Sziklai Pair | Compound Transistor Seminar Report

Being known by a variety of names the Sziklai pair may also be known as the complementary feedback pair (CFP) or "compound transistor", and as a "pseudo-Darlington". The Sziklai pair is a configuration of two bipolar transistors, similar to a Darlington pair. In contrast to the Darlington arrangement, the Sziklai pair has one NPN and one PNP transistor, and so it is sometimes also called the "complementary Darlington". The configuration is named for its early popularizer, George C. Sziklai.

What is a Sziklai?

In essence, a high gain super transistor, somewhat similar to a Darlington. But there are major differences. Unlike Darlingtons, there is some voltage gain with Sziklais. Another unique feature is local feedback.

Why is it not as popular as EF?

Basically, more difficult to design then EF. When local feedback is nested in global feedback, an amplifier is more prone to instability. In other words, it is easier to break out into high-frequency oscillations. But a well designed Sziklai Output can often be outstanding.
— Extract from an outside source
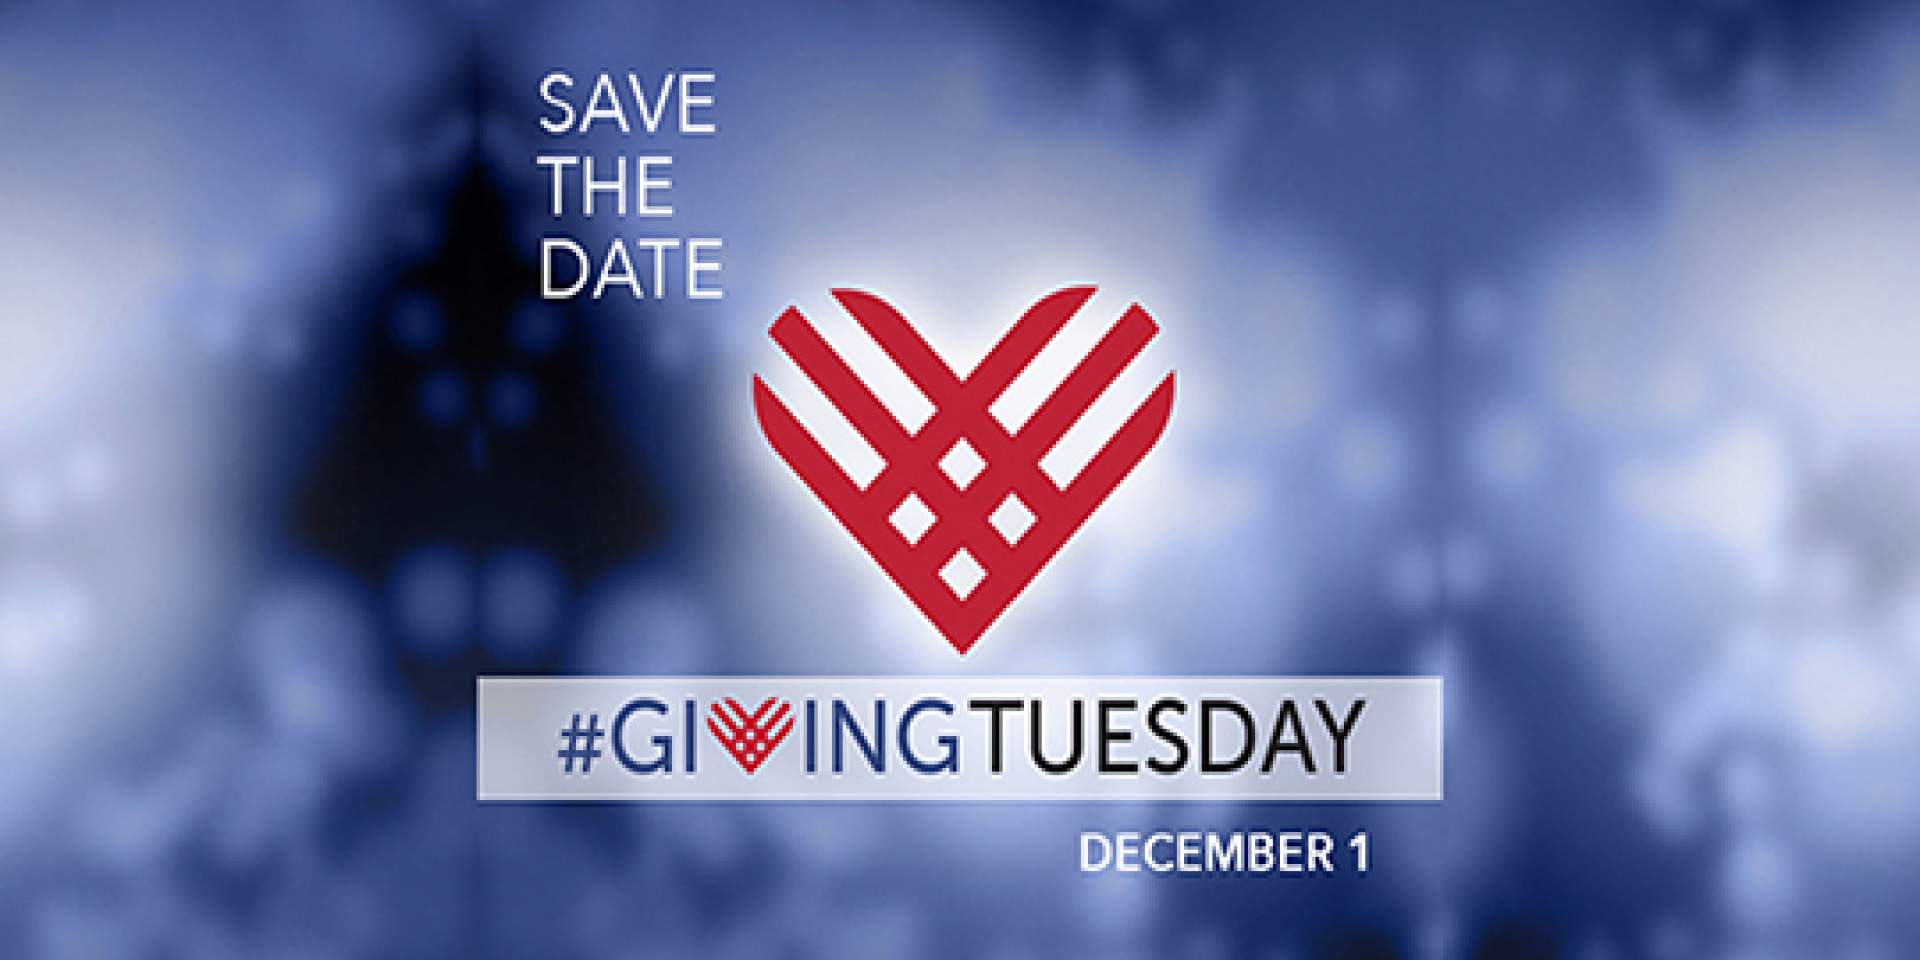 TODAY IS GIVING TUESDAY! Please consider a gift to the Burchfield Penney!

Characteristics of Sziklai Pair 

Sziklai pair seminar report
Sziklai Pair Configuration (NPN)
The current gain of the pair is similar to that of a Darlington pair and is the product of the current gains of the two transistors. The figure above illustrates an NPN-PNP pair that acts like a single NPN transistor overall. By replacing Q1 with a PNP transistor and Q2 with an NPN transistor the pair will act like a PNP transistor overall. (Just exchange the two arrows in the figure to visualize the PNP-NPN pair.)
Sziklai Pair seminar report
Sziklai Pair Configuration (PNP)
Like the Darlington, it is wise to include a bypass resistor.
Sziklai Pair seminar report
Sziklai Pair with Bypass Resistor

Sziklai compound pair features

Although the Darlington is used in many applications, the Sziklai or compound pair has a number of advantages and can be used to good effect in a number of applications. Some of its features include:
  • Only a single base-emitter drop between the overall base and emitter of the compound transistor.
  • Higher saturation voltage than a Darlington.
  • Very slightly lower gain than a Darlington
  • Can be used in a pseudo-complementary output with a Darlington - a true complementary pair would use both of the same circuit configurations. This configuration, which uses three NPN transistors and one PNP transistor. It offers a number of advantages including:
    • Previously silicon PNP transistors have been more costly than their NPN equivalents because of processing techniques and also the volume usage, especially for the power transistor versions.
    • The performance of the lower "pull" pair, which uses a single NPN transistor, more closely matches the performance of the upper push pair, which consists of two NPN transistors (PNP transistors have lower carrier mobility). A true complementary pair would use all NPN for the lower pair and all PNP for the upper pair.
  • As many PNP transistors with almost equivalent performance to their NPN counterparts are now available, the advantages of using the Sziklai / compound pair are less than they used to be.
  • The Sziklai pair is known to provide a better level of linearity than the Darlington pair which can be advantageous especially in audio applications.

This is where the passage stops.